When it comes to emerging technologies, one considers several possibilities:
the possibility that a technical capability will emerge sooner, or later, by
degrees. The further away in the futures some contingency is, not only is it
that much less necessary to prepare for, but it is also that much less possible
to prepare for.
Thus, the only reasonable output any policy discussion or think-tank can produce
is in preparation for near-term contingencies, however unlikely they may be. Because
little useful attention can be paid to likelier scenarios due to their distance
from the present, no useful recommendations can be made. As a result, all of
the attention is focused on unlikely outcomes, giving the work an absurd an
alarmist character, regardless of how well-meaning, mature, or rational the
process or practitioners used to undertake the assessment.

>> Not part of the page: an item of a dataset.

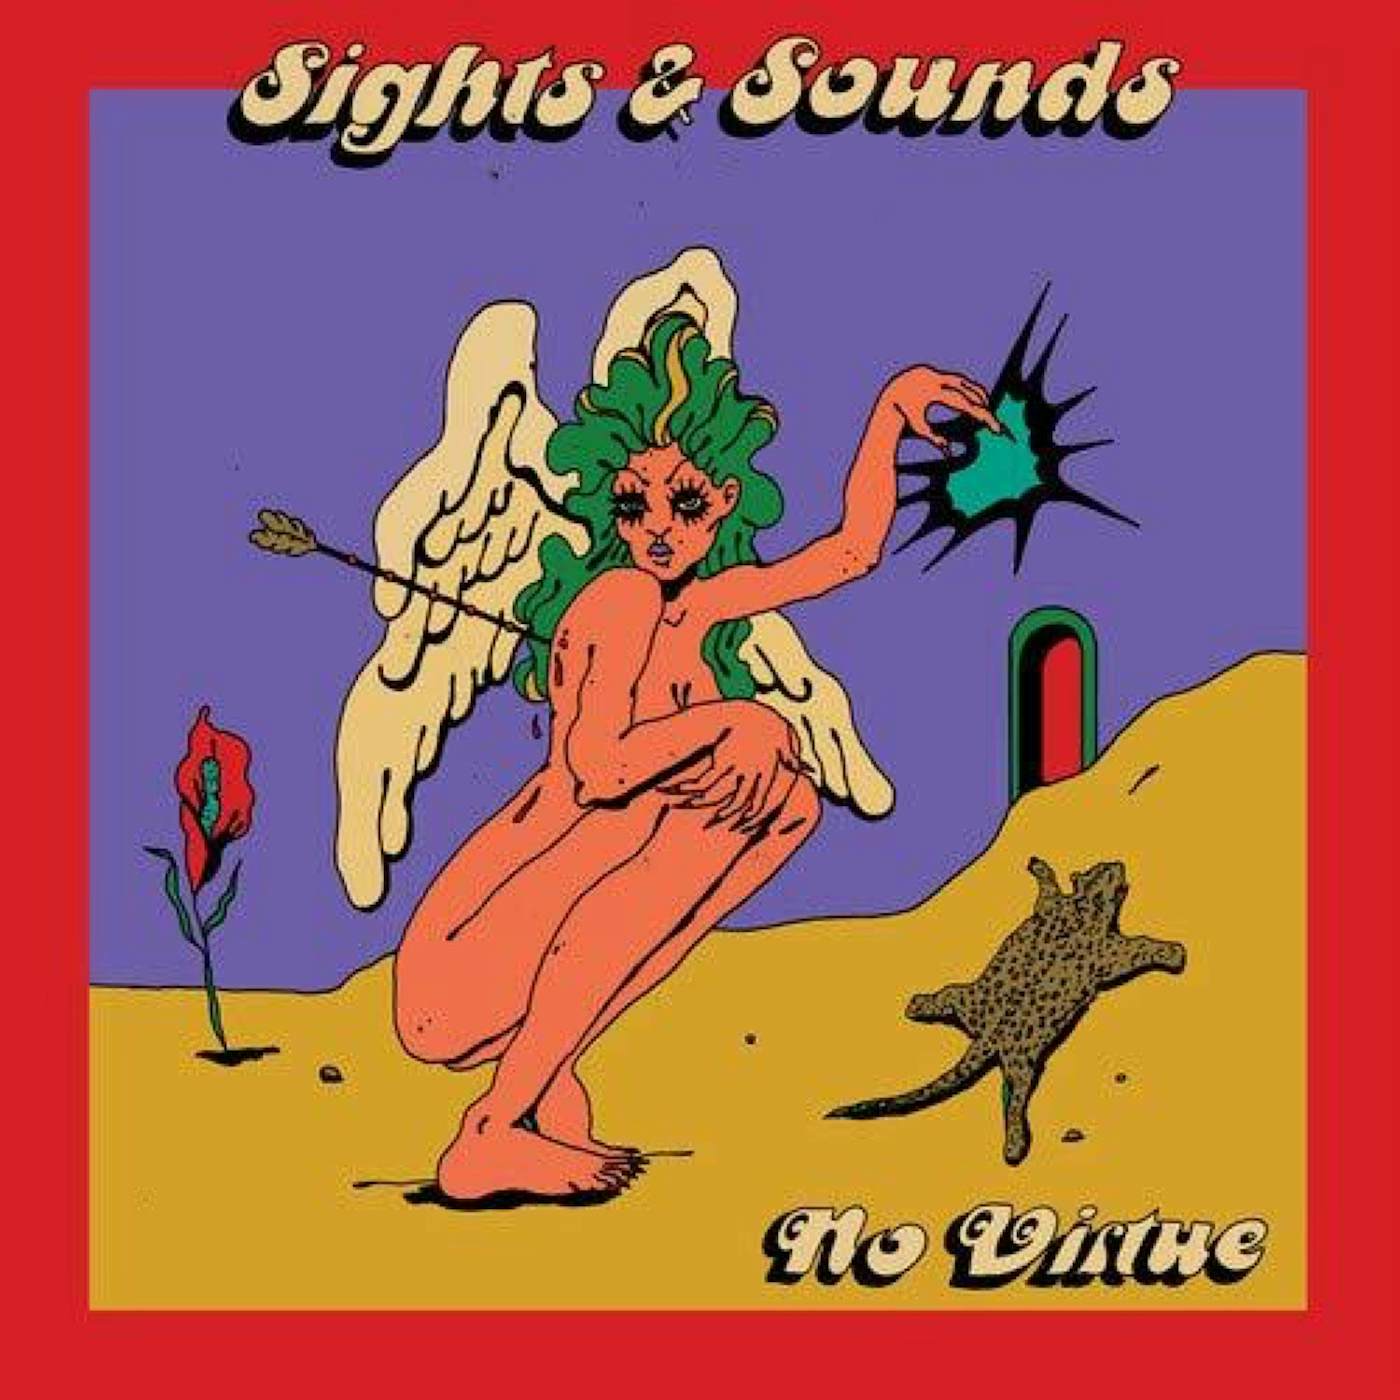 Sights & Sounds No Virtue Vinyl Record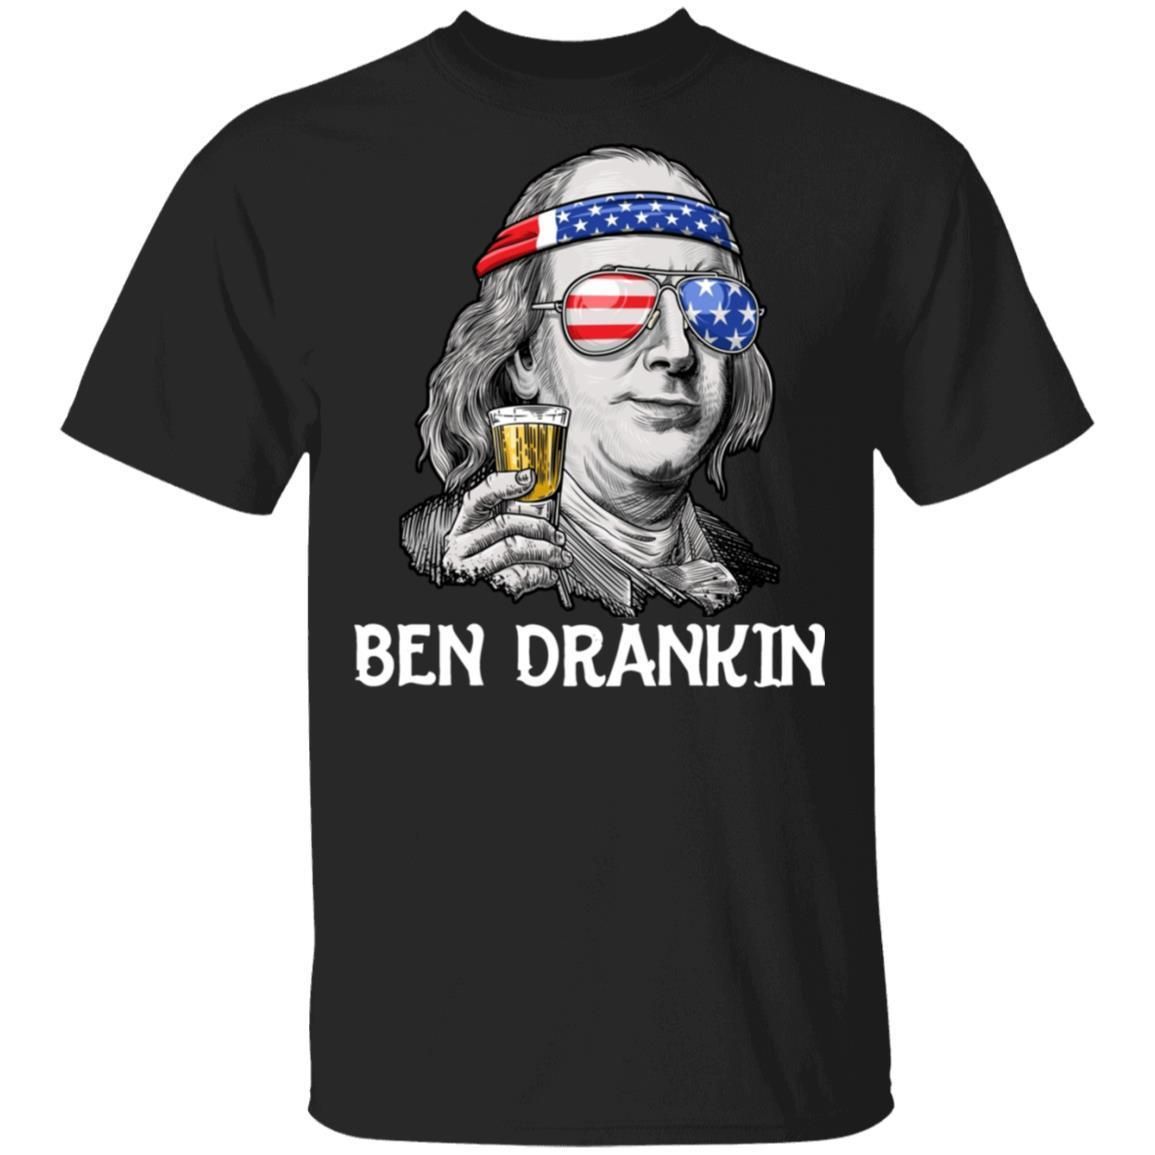 Ben Drankin Benjamin Franklin 4th of July Independence shirts

When confronted with parents anxious about their kids getting involved with playing
Dungeons and Dragons, there's a turn of phrase that I have found succinct and useful:
"Don't worry. Role playing games don't make kids weird; they just attract weird kids."
In this case, discussions of emerging technologies before the fact of their arrival
actually seems to have the opposite effect. The singularity not only attracts weird
people - but it actually actively deranges otherwise perfectly rational participants
by forcing them to take highly uncertain possibilities seriously.